THE DATA -
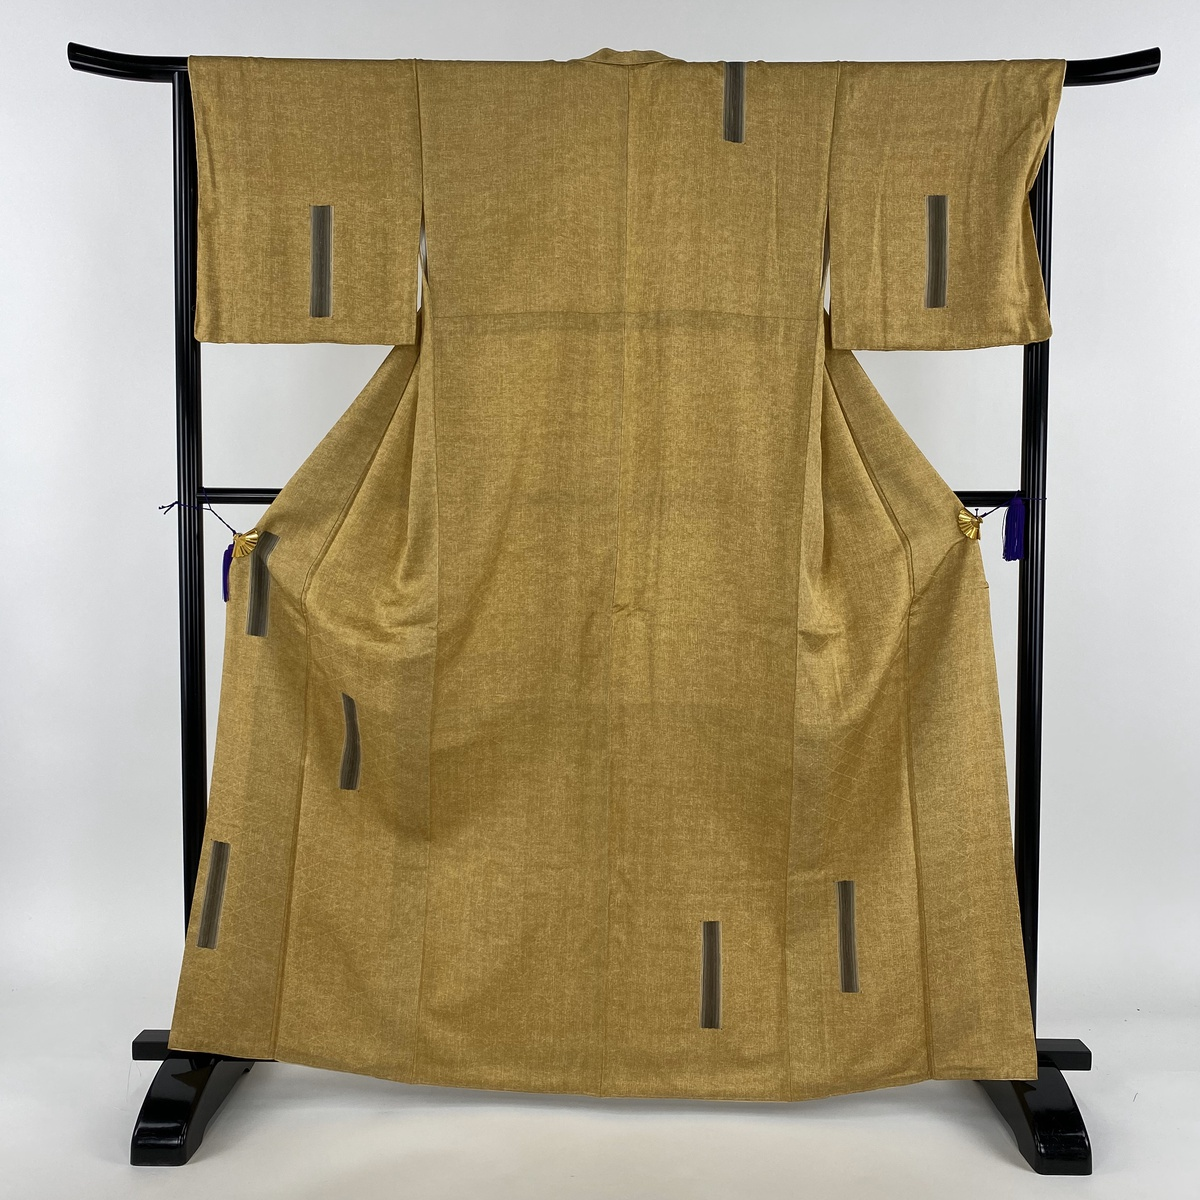 付下げ 美品 秀品 幾何学 黄土色 袷 身丈164.5cm 裄丈67cm M 正絹 【中古】
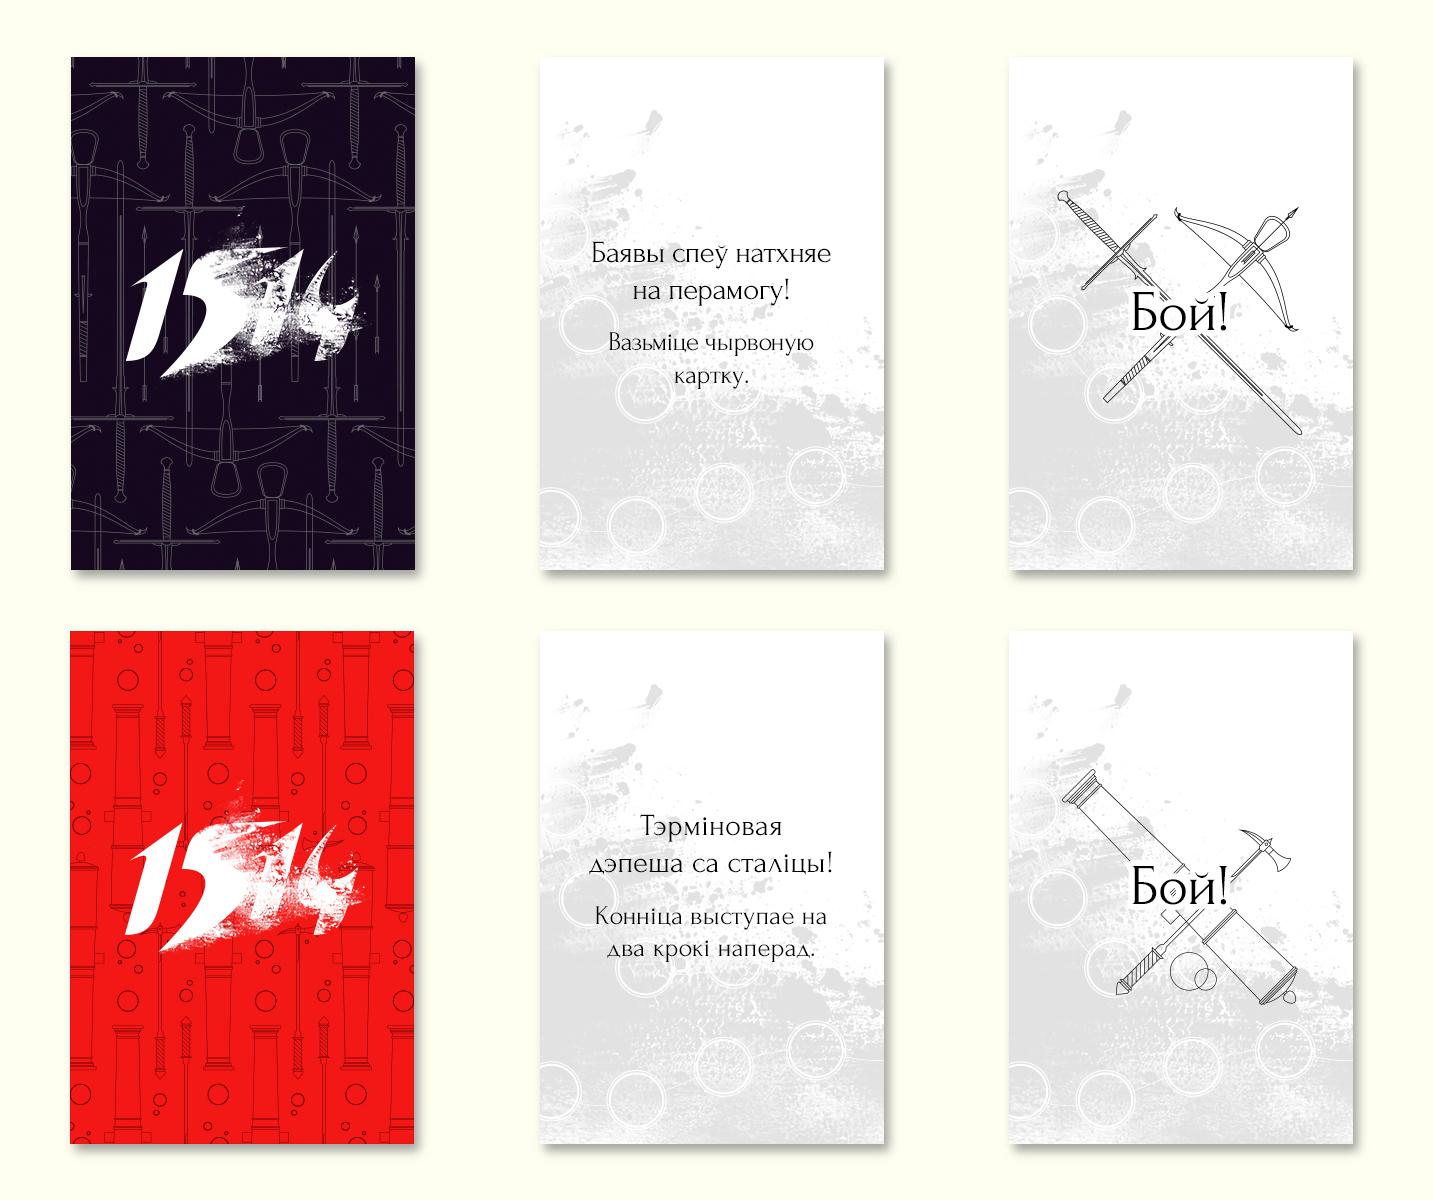 Карткі гульні 1514 PRAS.BY
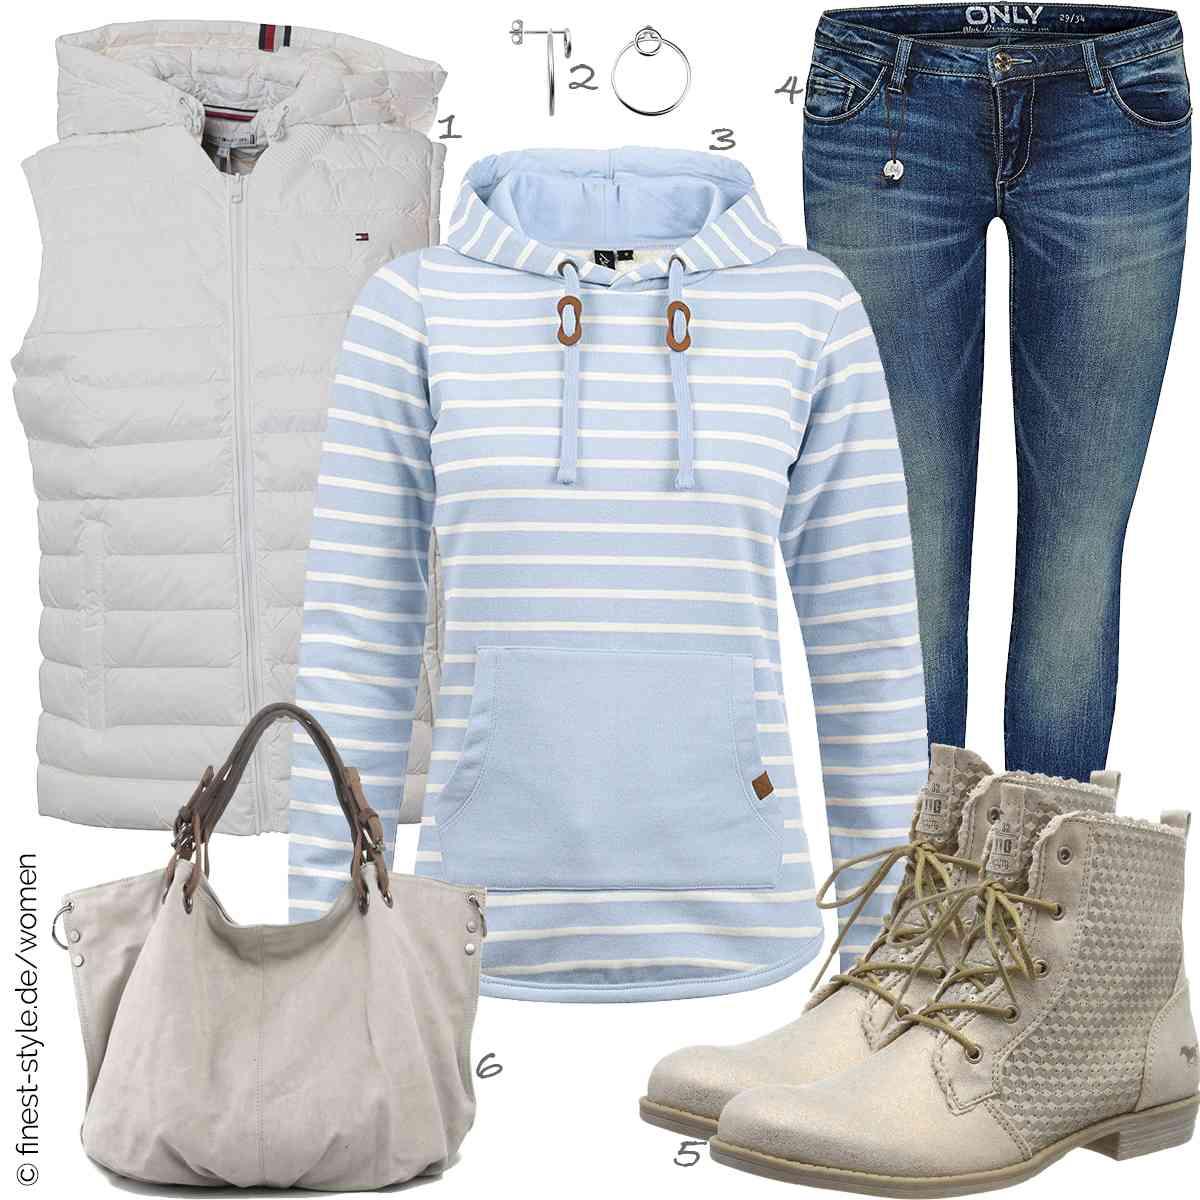 Top Herren-Outfit im Finest-Trend-Style für ein selbstbewusstes Modegefühl mit tollen Produkten von Tommy Hilfiger,Sofia Milani,BlendShe,ONLY,MUSTANG,P.KU.VDSL

WORK REQUEST -
From the line containing "Карткі гульні 1514 PRAS.BY" through the final line of the listing, copy every line exactly and nothing else. Skip the pictures.

ANSWER TO THE PROBLEM -
 Карткі гульні 1514 PRAS.BY
 Top Herren-Outfit im Finest-Trend-Style für ein selbstbewusstes Modegefühl mit tollen Produkten von Tommy Hilfiger,Sofia Milani,BlendShe,ONLY,MUSTANG,P.KU.VDSL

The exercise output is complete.